Welcome. This is the sub-project that provides Haskell development support for the Eclipse IDE.
See http://haskell.org for more information about the Haskell programming language.
See http://eclipse.org for more information about Eclipse.
The current version is 0.9.1. Please note that this software is in an early development stage (alpha).
In addition, there is a new EclipseFP 2 development stream, working towards a version 2.0 of EclipseFP. You can find snapshot builds from this development stream on the downloads page.
You need a Java 5.0 compliant virtual machine (JDK or JRE) installed on your system. (For Linux, Solaris and Windows systems you can find one at http://java.sun.com/).
You need Eclipse 3.1.x. If you need an older version of Eclipse, you should stick to version 0.6 of the Haskell plugins. If you don't have Eclipse, download it from http://eclipse.org/downloads/. Look for the platform runtime binaries, if you don't want to download the entire SDK. (The platform runtime contains the basic Eclipse IDE without Java and Plugin development tools.)

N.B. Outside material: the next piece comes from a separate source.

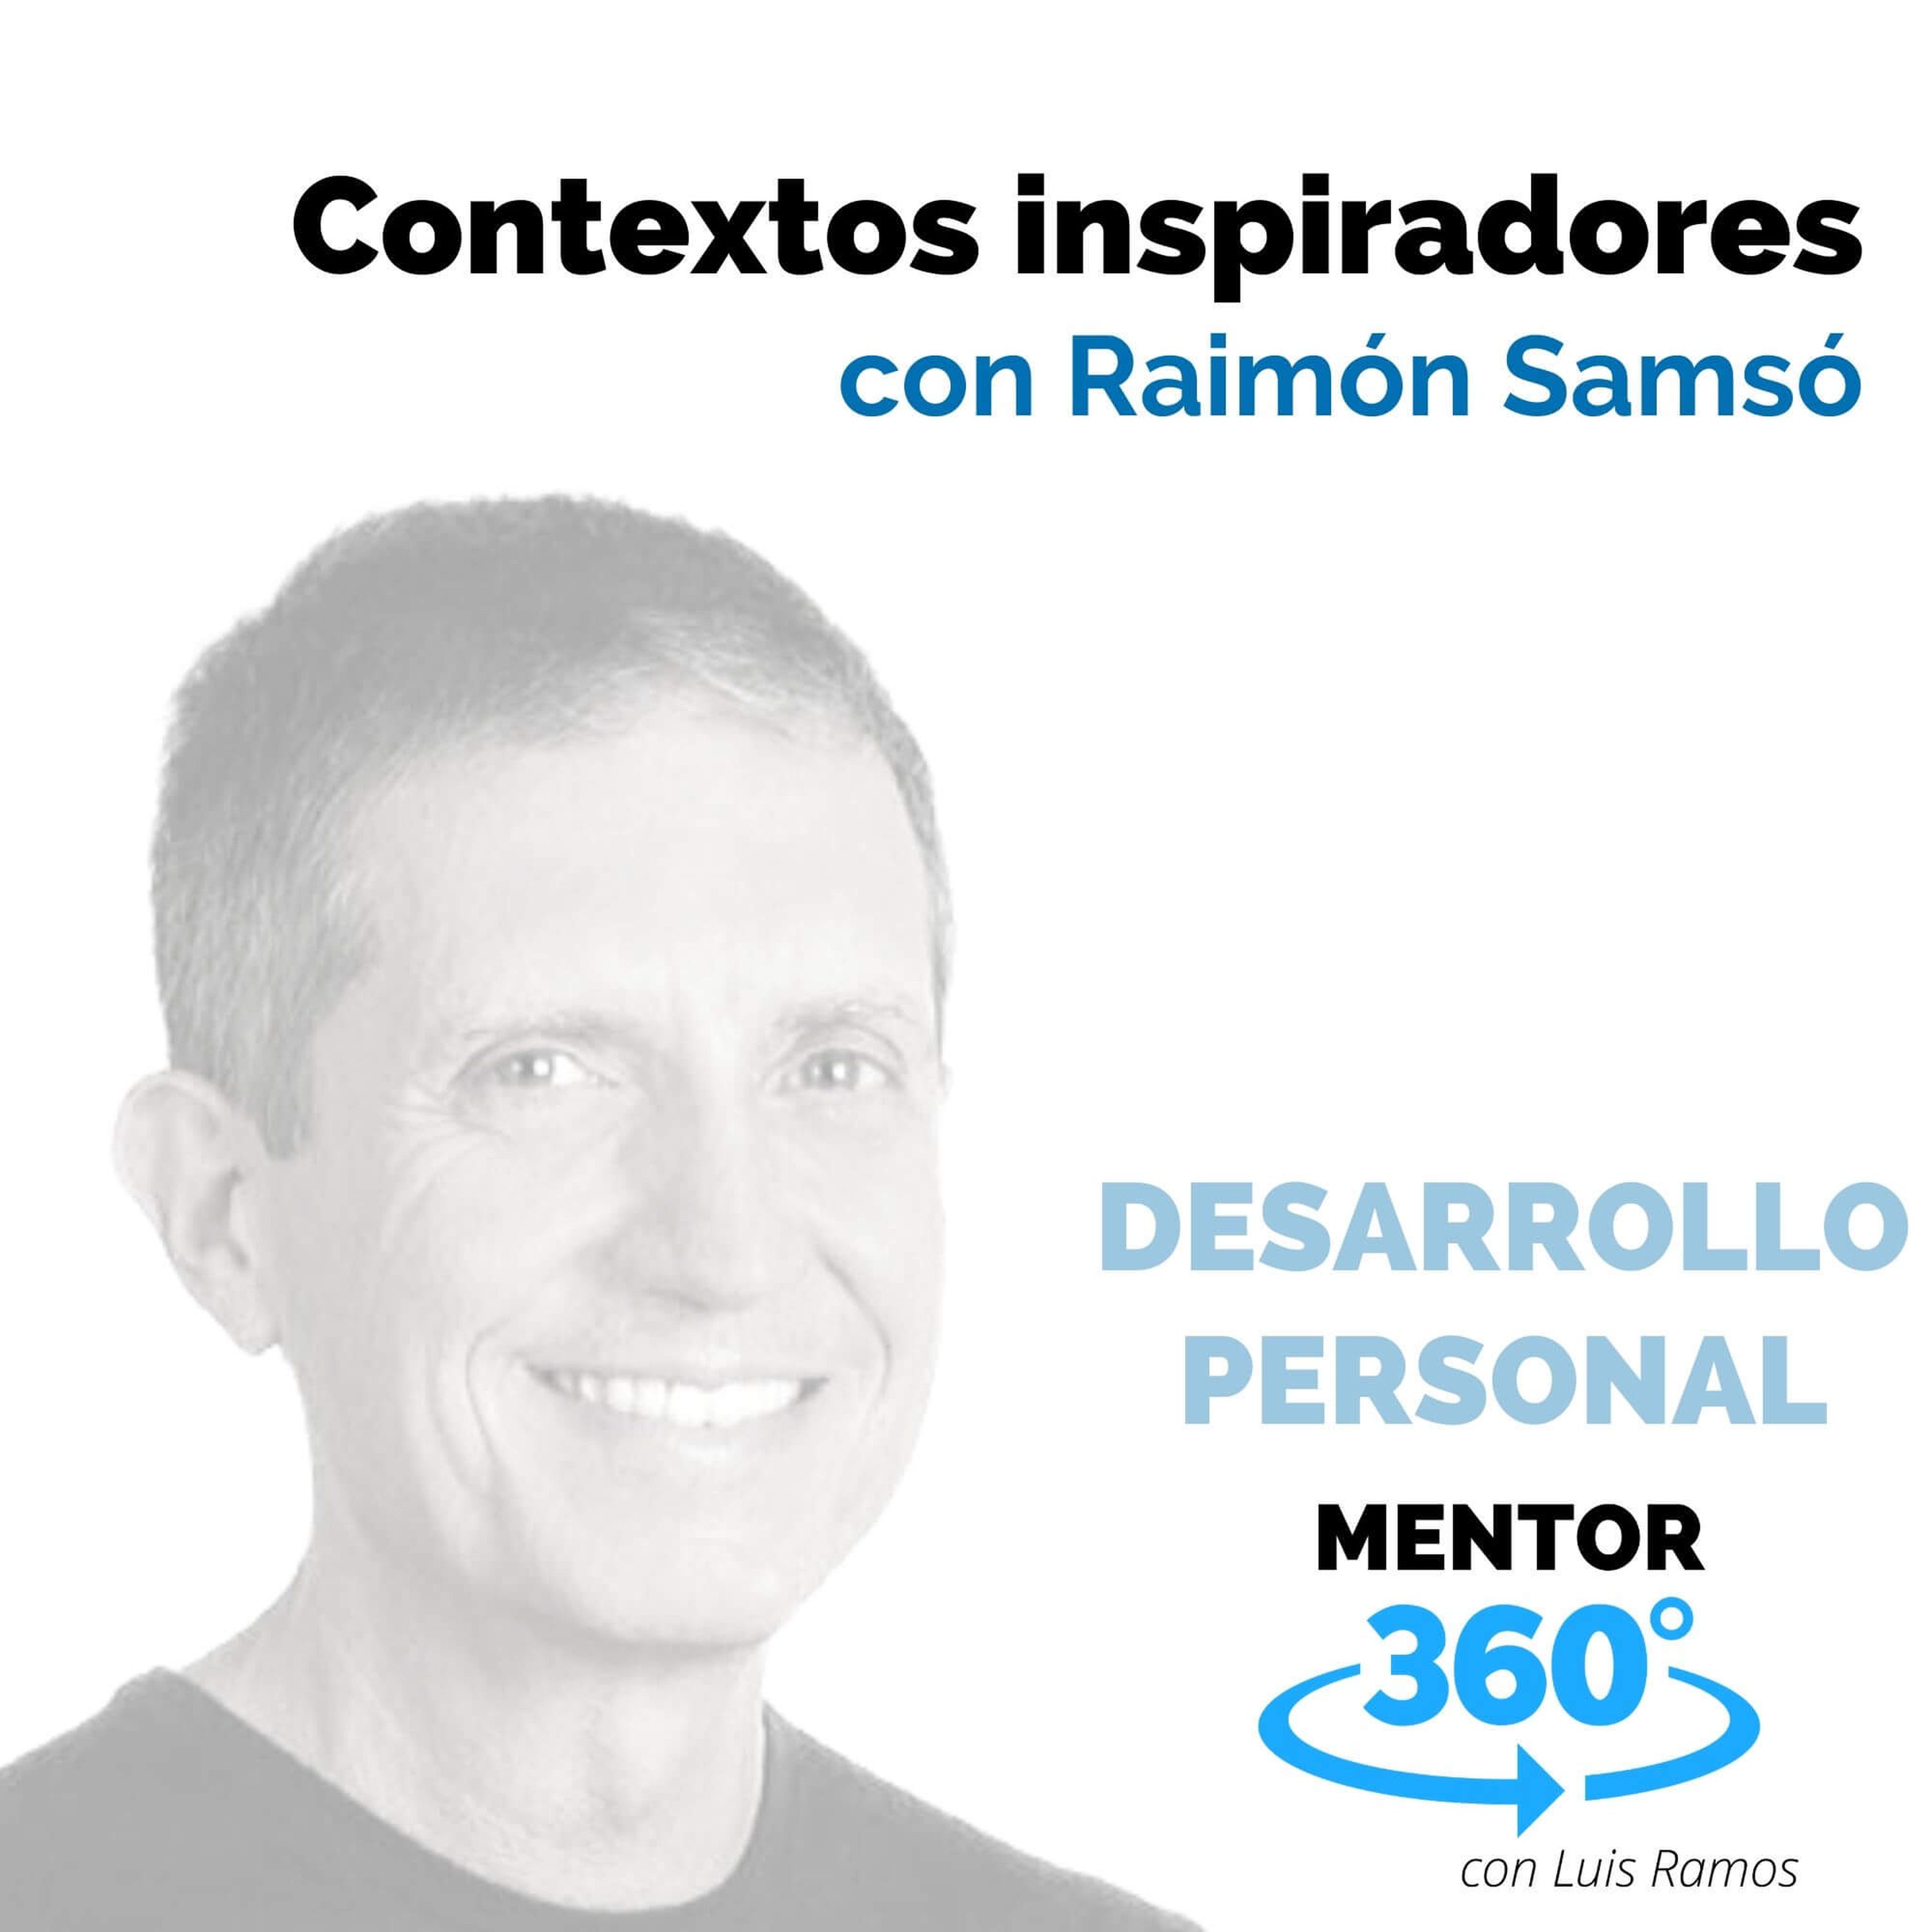 Contextos inspiradores, con Raimón Samsó - DESARROLLO PERSONAL
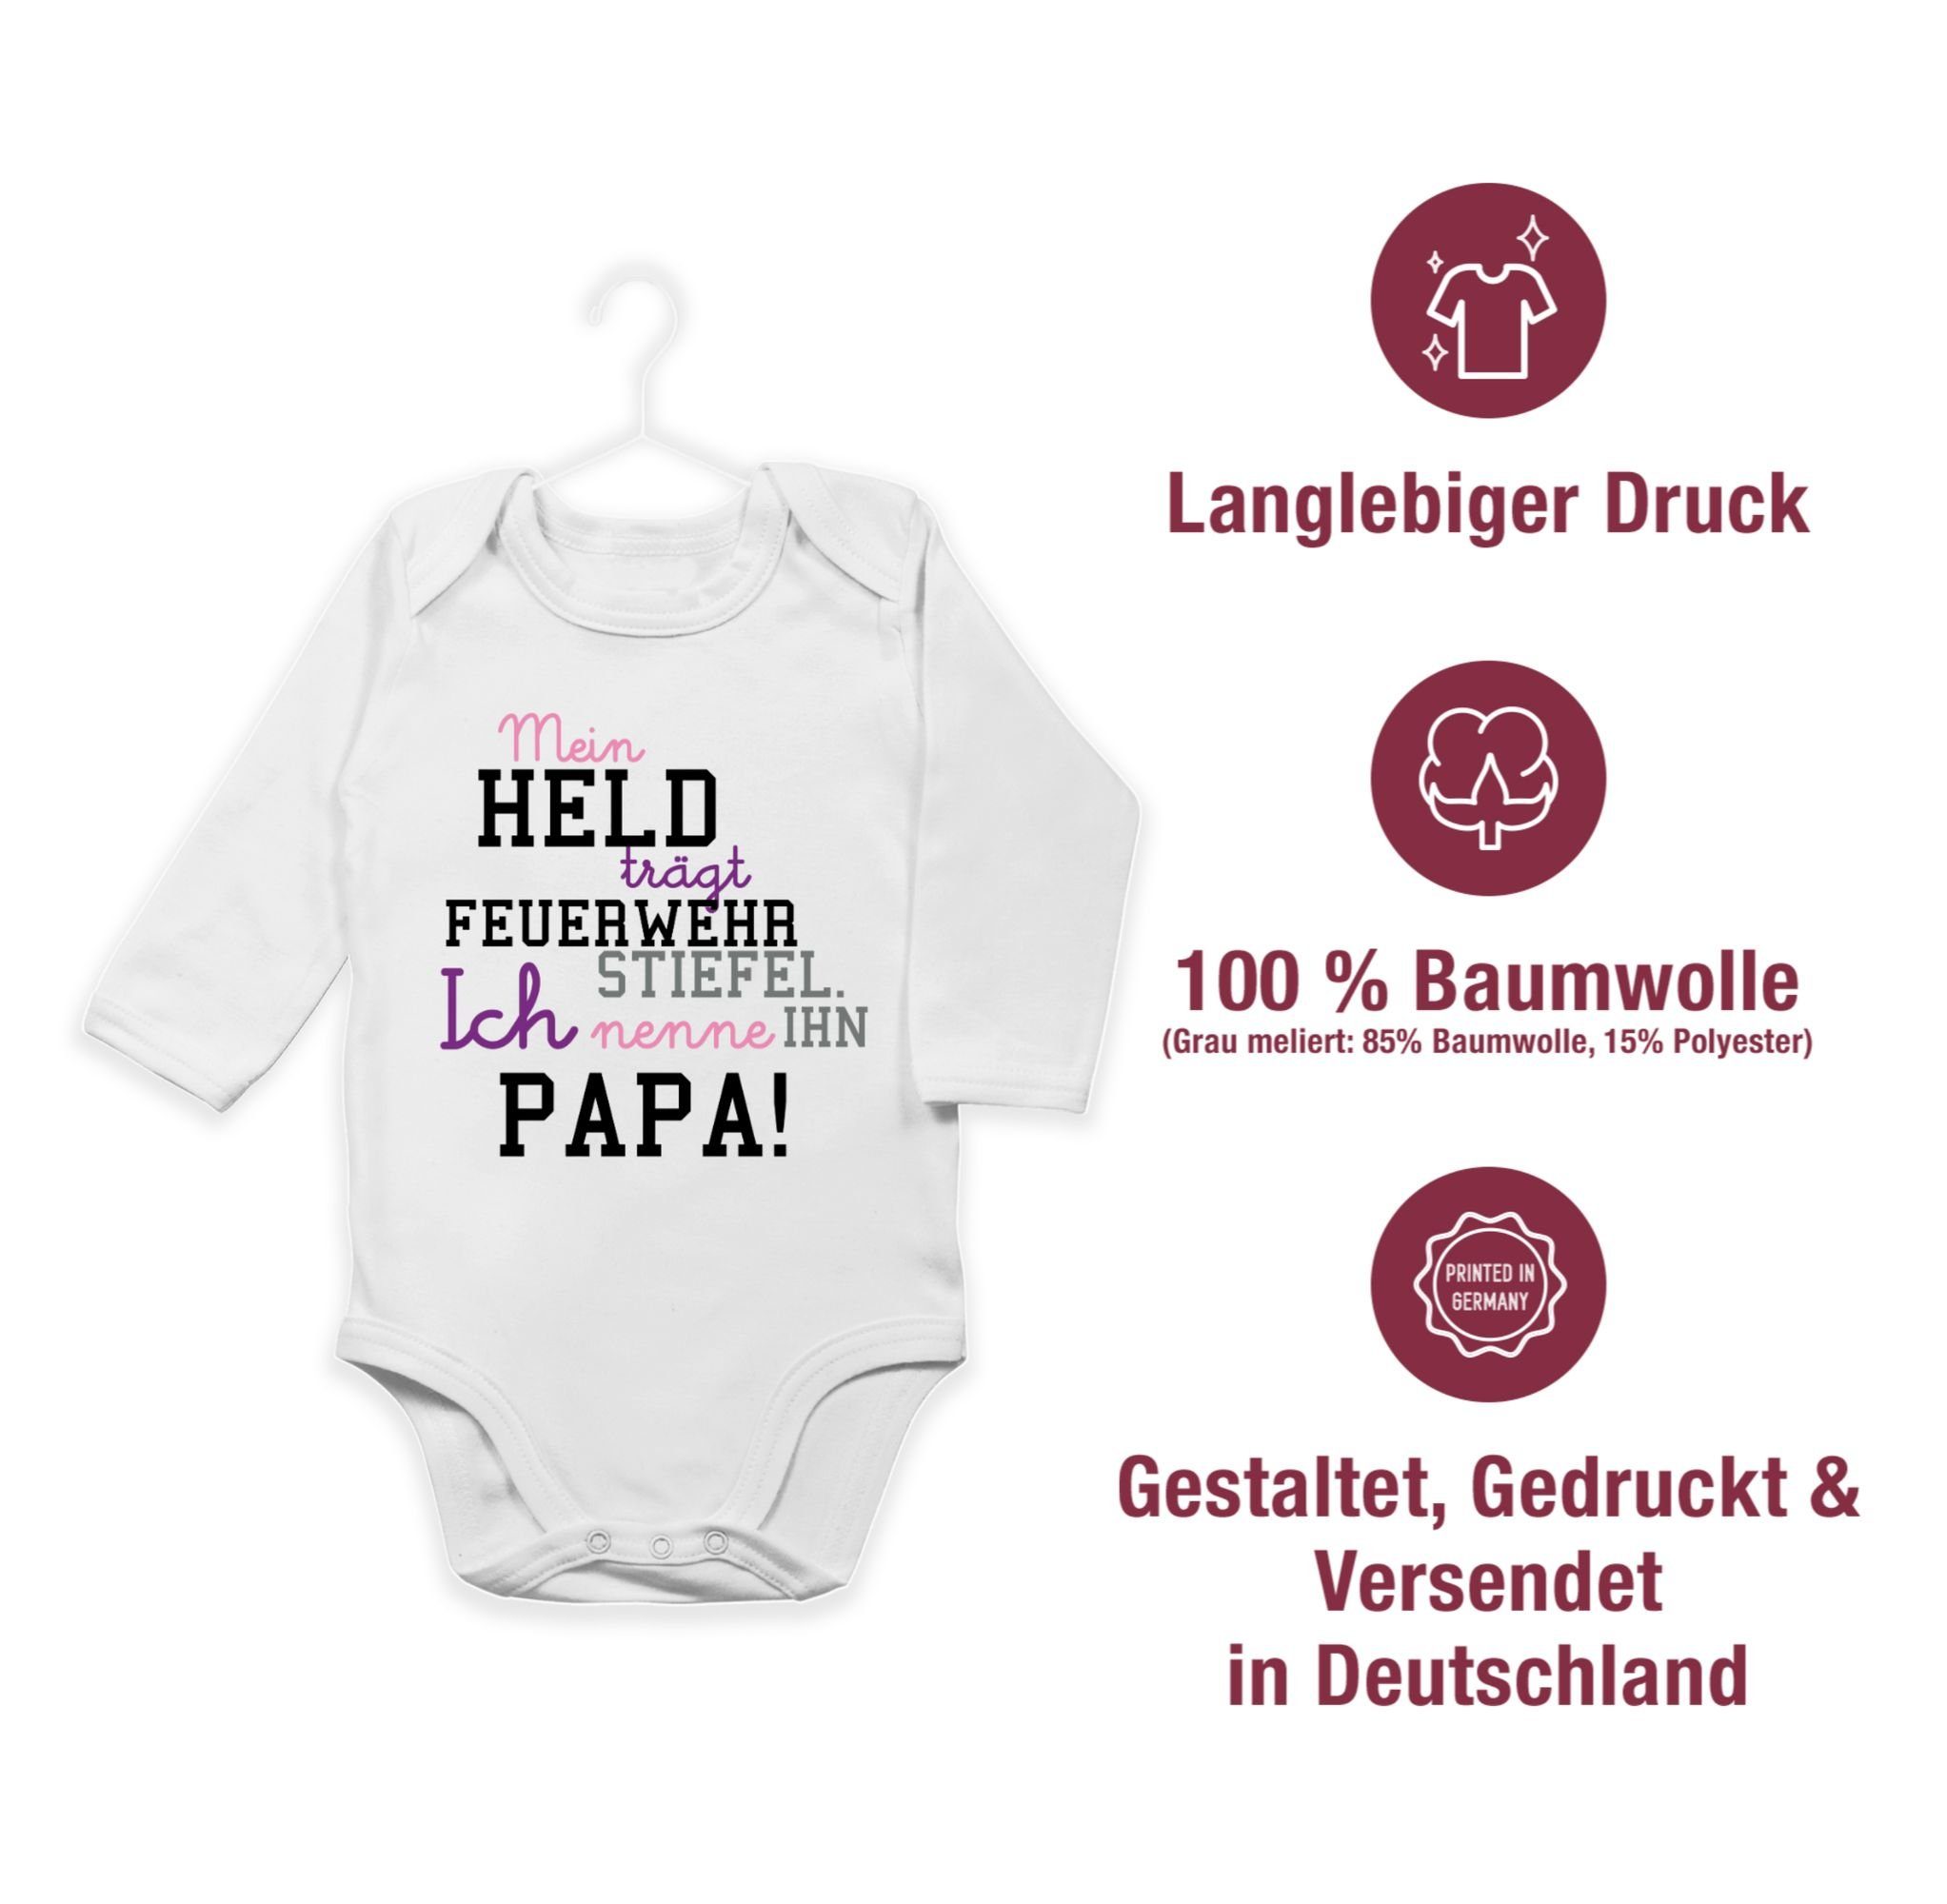 Kinder Mädchen (Gr. 50 - 92) Shirtracer Shirtbody Mein Held Papa Feuerwehrmann - Feuerwehr Geschenke Baby - Bio Baby Strampler l

You need a GHC installed on your system. See http://haskell.org/ghc/ for more information and for downloads.
Download and installation is done via the built-in Update Manager in Eclipse. You can find installation instructions here.
The sources for all plugins from the Haskell support are available in a
Darcs repository at
http://eclipsefp.sf.net/repos/trunk. To learn more
about Darcs,
please visit http://darcs.net.
There is also an article that describes the approach taken to parsing Haskell code: EclipseFP Haskell Parser Structure by Thiago Arrais (thanks Thiago!).
The general topic of implementing part of an Eclipse plugin in Haskell was described in a paper for the Eclipse Languages Symposium. The pdf for that paper is available here.
All documentation is included with the software and accessible from the Eclipse Help: choose Help > Help Contents from the menu and then select Functional Programming > Haskell from the tree at the left side. (Note for Linux users: if the Help is not displayed, you probably have to name a browser first in the preferences: go to Window > Preferences > Help and specify one.)
To get familiar with the main features of the environment, you can also try the cheat sheet: choose Help > Cheat Sheets from the menu and then select Functional Programming > Getting Started with Haskell in Eclipse.